Friday, April 9

Rabbit, Run

Questions: Why does it seem whenever a man picks up a prostitute in literature he A) ends up spending a lot of time with her/ends up with her? and B) tells her after ONE sexual encounter "I love you"?

We're reading Updike's Rabbit, Run and Harry "Rabbit" Angstrom, and he does this with Ruth...she laughs at him. But come on, this happens ALL the freakin' time. Take Hemingway's A Farewell to Arms, Henry tells Catherine he loves her fast (but then again she's kinda crazy on him too about love and all, so perhaps not the best example). But what's this about, men? Why? Do you really think the prostitute needs to hear this? She doesn't care, she just wants some cheap, easy money. Is there some unwritten rule in literature, that if you fuck someone you have to confess love to "make it all okay"? It's stupid.

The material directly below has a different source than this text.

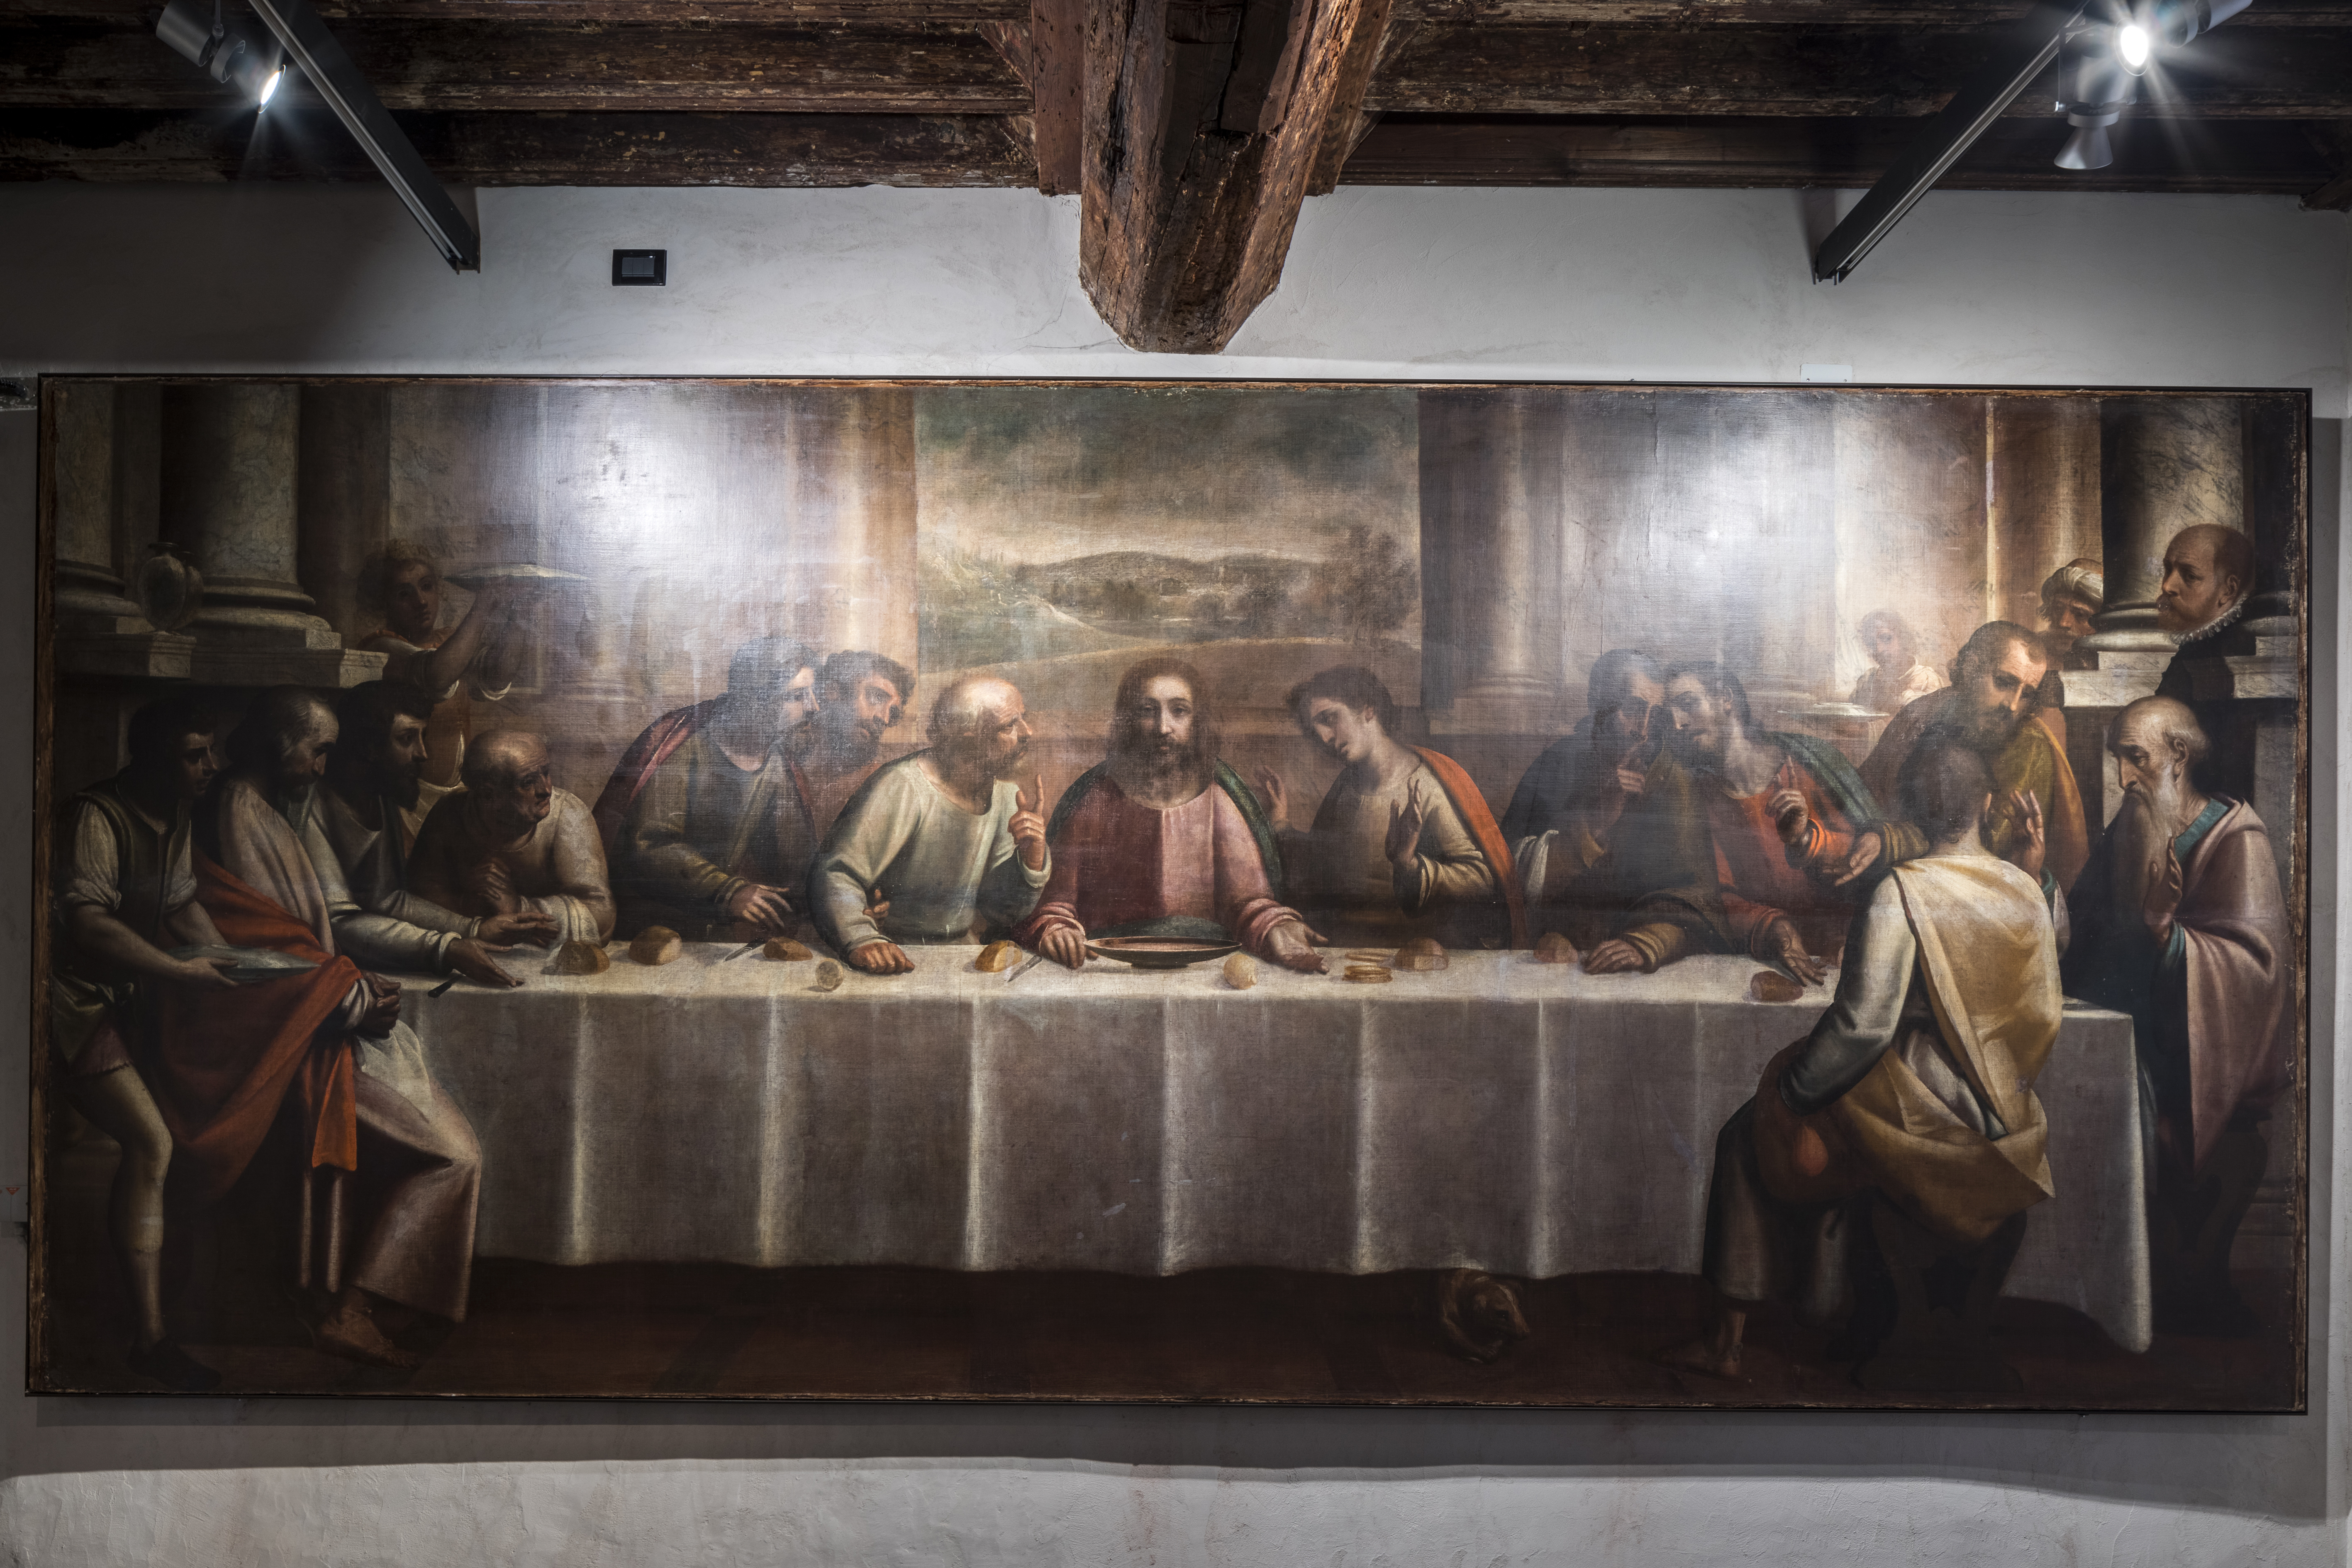 Luca Cambiaso, The Last Supper

Okay, so other than that business: Rabbit's cool -- okay he's really not, he leaves his pregnant wife and their two-year-old son for no real reason other than she asked him to buy a pack of cigarettes. But I like him (other than the whole I love you thing). Actually, really, he's a bastard jackass. But I like him, or at least I relate to him. It's strange. I don't think I've ever read a book where I'm almost exactly the same age as the main character (other than when I was a kid). But, no Rabbit's 26 and it's the first few days of Spring -- which for us was less then a month ago -- and I'm 26 too. He's unhappy with his life and where he is. I'm not overly thrilled with my life right now (though most of that is because my ankle is broken and I can't drive). So what does he do? He gets in the car and drives. He drives all night and still ends up in the same place. I wanted to do that sooooo bad when reading it. I could feel the cool Pennsylvania air streaming slowly though the windows, while songs of the 50s crooned and mixed with the slight whistle the cracked windows made. And when he stops at lovers lane, I could smell the pines, as I/We sat straining our tired eyes at the crisp map, wondering where this place could be until startled by the lovers behind us - anxious to get her home before curfew. Shoving the map aside in a wrinkled mess, and just driving again. He's moving on with his life, and so am I. So he might be a bastard, but I like him. And perhaps I'm a bastard. So, yeah.

2 comments:

  1. I'm glad you realize that by calling him a bastard and then relating to him, that you're a bastard, too. Also, I find it funny that you said "I like him, except for that one thing..." about four times.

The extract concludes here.